Statistical and Machine Learning

Code
FMI2224
Points
10 Credits
Level
Third Cycle
School
School of Technology and Business Studies
Subject field
Microdata Analysis (MIKRODAT)
Approved
Approved, 29 October 2019.
This syllabus is valid from 29 October 2019.

Learning Outcomes

Upon completion of the course, the PhD-student shall be able to:

• Select a suitable statistical models, and methods for a data analysis problem in the real world based on reasoned argument, especially when the underlying data generating mechanism is unknown.
• Apply various supervised and unsupervised statistical learning algorithms in a range of real world problems.
• Evaluate and optimise the performances of the learning models and algorithms, and communicate the expected accuracy of the model/algorithm.
• Combine several models to achieve higher predictive accuracy.
• Apply Neural Networks to real world problem solving.
• Conduct comparative analysis, both theoretical and empirical, in order to
 decide which Neural Network is most suitable for a particular task.
• Design different kinds of Neural Network, evaluate their performance, and
 use them to solve complex problems.
• Apply deep learning to real world problems.

Course Content

The course consists of two parts, statistical learning (Part 1, corresponding to Learning Outcomes 1-4) and Machine Learning (Part 2, Learning outcomes 5-8). Both parts of the course focuses mainly on the applied aspects of statistical learning and machine learning with Part 2 emphasizing on neural networks and deep learning.

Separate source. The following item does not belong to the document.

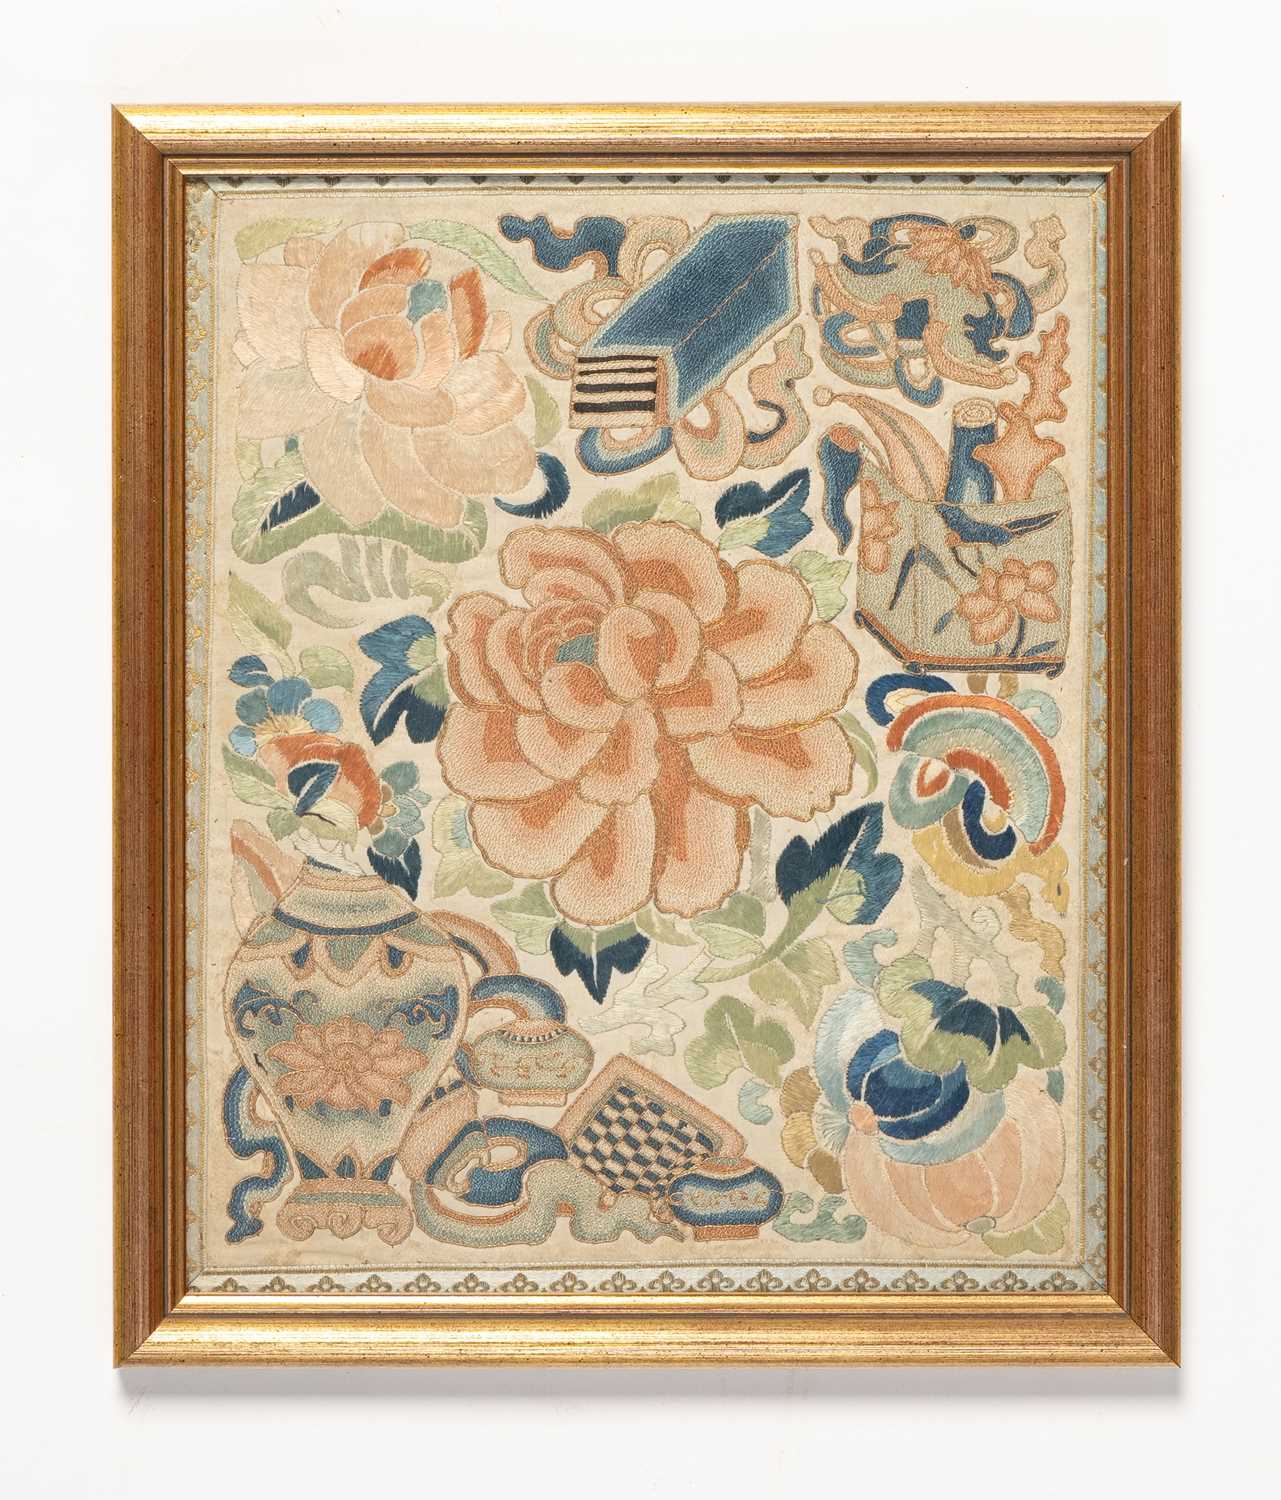 NO RESERVE A COLLECTION OF CHINESE EMBROIDERIES LATE QING DYNASTY Variously depicting flowers, - Image 3 of 13

In Part 1, the most important basic properties of, and relations between different statis-tical learning models and algorithms are also included, however. This part covers supervised learning algorithms, with special emphasis on classification methods such as logistic regression, classification trees, linear discriminant analysis, quadratic discri-minant analysis, K nearest neighbour, support vector machine, and regression methods such as linear regression, smoothing splines, generalised additive model, and regression trees. Part 1 also covers unsupervised learning methods such as principal component analysis, k mean clustering, and hierarchical clustering. Model validation through cross validation, and bootstrap methods are covered. Regularisation for model selection, high dimensional data analysis, and improving prediction performance through model averaging, bagging, and boosting techniques are also covered.

Part 2 of the course gives an introduction to machine learning and an overview of neural networks. The perceptron as the basic element for linear seperability and its limitations in classification is discussed. Then, different activation functions and the sigmoid perceptron is studied to solve non-linear classification problems.
The different types of learning paradigms such as supervised, unsupervised,and reinforcement is covered in a machine learning context. Feed-forward neural networks and the back-propagation algorithm will be presented. The course will also cover recurrent neural networks. Finally, deep learning is discussed with emphasis on the basic principles and different types of deep learning neural networks.

Assessment

Part 1 and Part 2 are assessed independently.
Part 1 on statistical learning is assessed by assignment and written examination giving a total of 5 credits.
Part 2 on machine learning is assessed by a reported project work, written reflection and seminar giving another 5 credits.

Forms of Study

The course comprises lectures, labs, project work and seminars.

Grades

The Swedish grades U–G.

Prerequisites

  • Degree of Master 60 credits in Microdata Analysis